Of course, any help/hint would be really appreciate.
Thanks, have a good day.
As a student of physics, the real question should not be, "Why is $\beta \ne 0$?" but rather "Why should we take $\beta = 0$?". Most "springs" don't really obey Hooke's law; elastic deformation isn't really linear. The second order term vanishes near equilibrium because it is a local minimum of the potential energy, so after the linear term, the cubic term in the potential force is the most significant in general.
Physicists like the approximation $\beta = 0$ because the resulting linear equation is explicitly solvable, and because it is reasonably accurate in many cases.

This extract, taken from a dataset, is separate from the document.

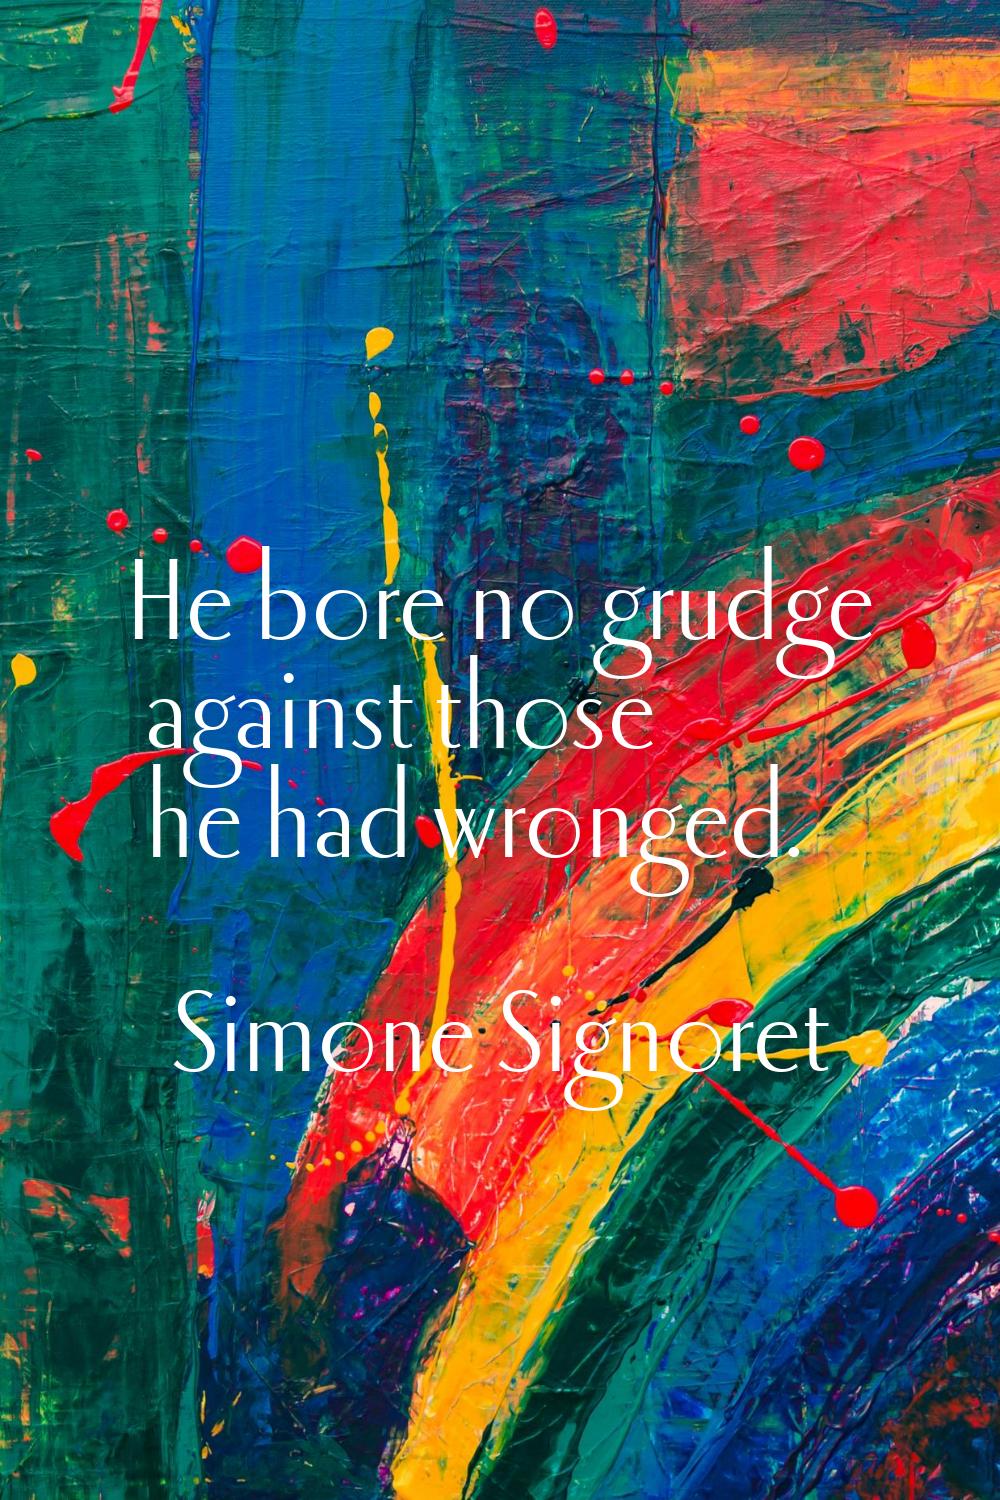 He bore no grudge against those he had wronged.

However, if we measure the forces more accurately, we often see the $\beta \ne 0$ term.
Mathematicians, however, like to take $\beta \ne 0$, because otherwise the linear system is too easy to solve. Also, the phenonomena associated with this nonlinearity include fun stuff like chaos.
Note that the pendulum equation without linearization is
$\ddot \theta + \mu \dot \theta + \lambda \sin \theta = 0; \tag 1$
also,
$\sin \theta = \theta - \dfrac{\theta^3}{6} + \ldots, \tag 2$
so to third order in $\theta$ the force "looks like" that of a spring with a cubic correction term, a spring which "doesn't exactly obey Hooke's law"; in the case of (2), the "comeback force" is apparently $-\lambda \sin \theta$; to third order in $\theta$ this is $-\lambda \theta - \lambda \theta^3 / 6$
But hell, even some physicists like chaos. Reminds me of my desk . . .